Creating with Purpose
Sandra considers her designs as both a gift to the world and to herself; a way of sharing something personal. Each garment reflects her experiences, perspective, and the values she holds and honours.
With experience, she has come to understand that each piece reveals itself in its own time. Some demand quick action, while others ask for pause, reflection, and patience until the right conditions emerge. She feels that rushing the process risks losing its integrity. Her seaweed bodice, for example, took nearly three years to complete. The process required repeated trips to the water to find the right seaweed—the ideal texture, thickness, and flexibility to hold the bodice’s form. Each attempt that did not work turned into part of the process itself, reinforcing the patience behind her practice.

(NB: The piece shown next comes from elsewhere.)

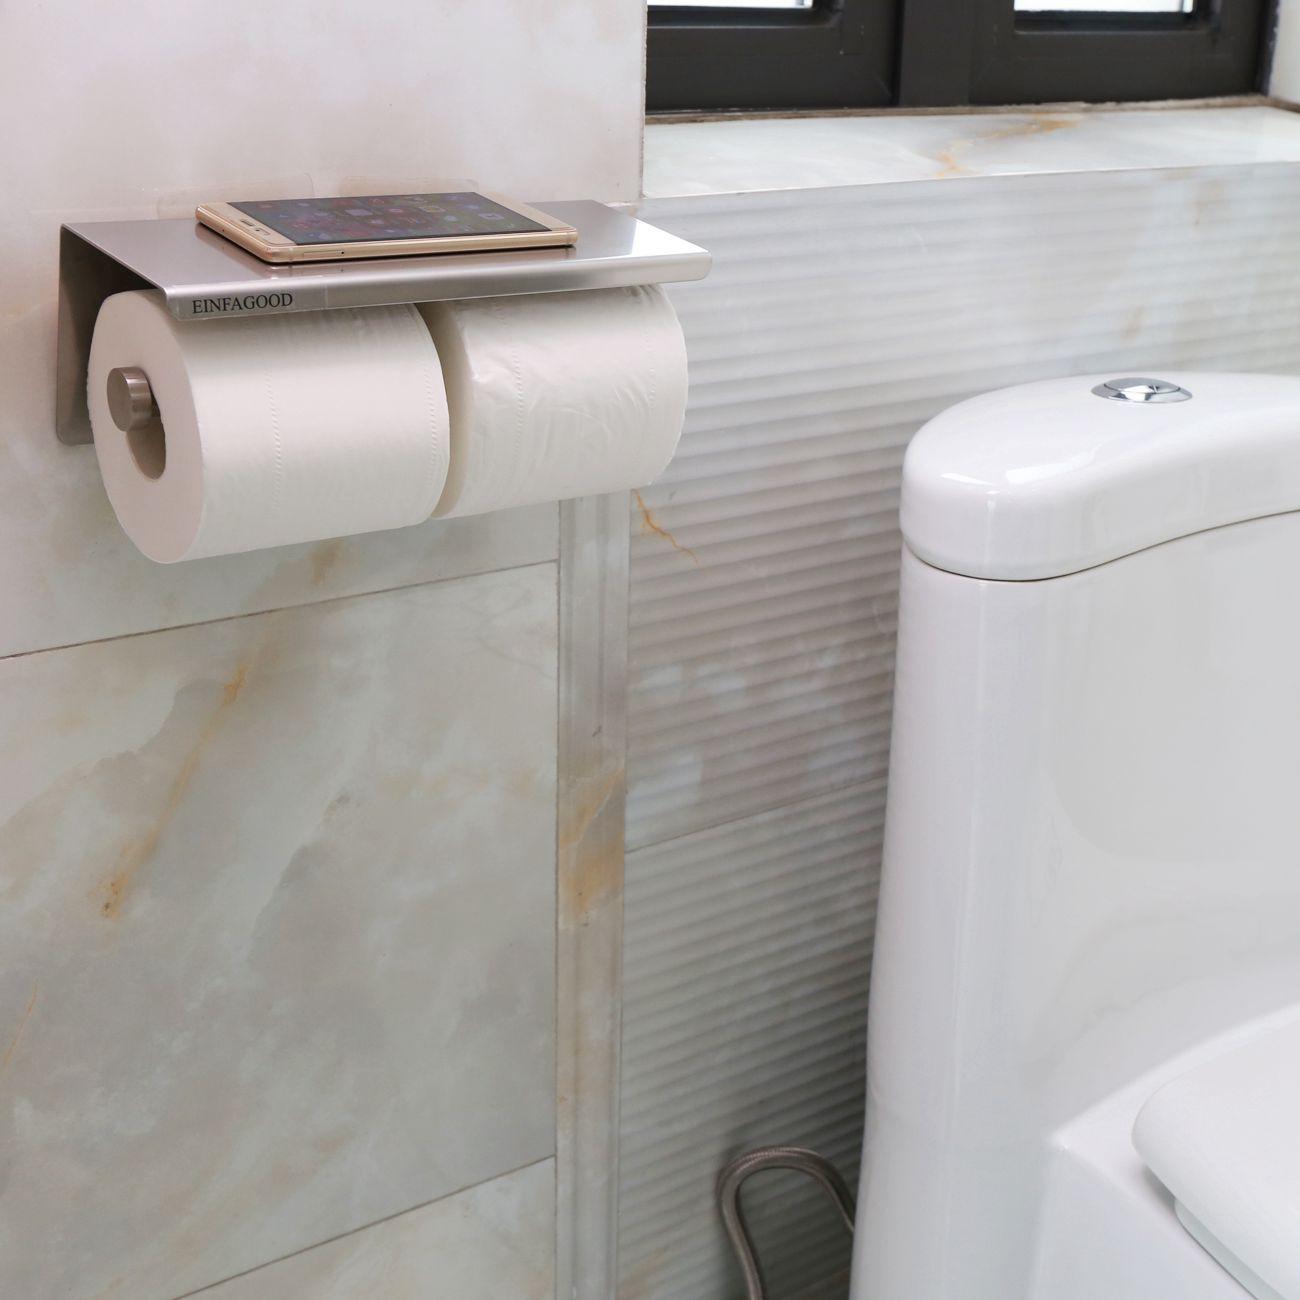 Toilet paper holder einfagood toilet roll tissue holder - Bathroom towel and toilet paper holders ...

Sandra’s experience at the Fashion Gala mirrors a broader approach in her creativity. She describes her work as “celebrating a piece of [my] heritage in a contemporary way,” merging old and new approaches to create space for reflection and curiosity. She continues her practice as she reclaims narratives once marked by silence and reframes them with presence and visibility.
Stories Woven Through Fabric
For Olga Summers and Sandra Froher, the Fashion Gala was more than a presentation of finished pieces. It was a moment where personal history and creative practice quietly overlapped, showing how clothing can hold what we inherit, what we lose, and what we continue to carry forward.
In their work, fashion becomes less about expression and more about what remains with us—long after the fabric has been cut, sewn, and worn.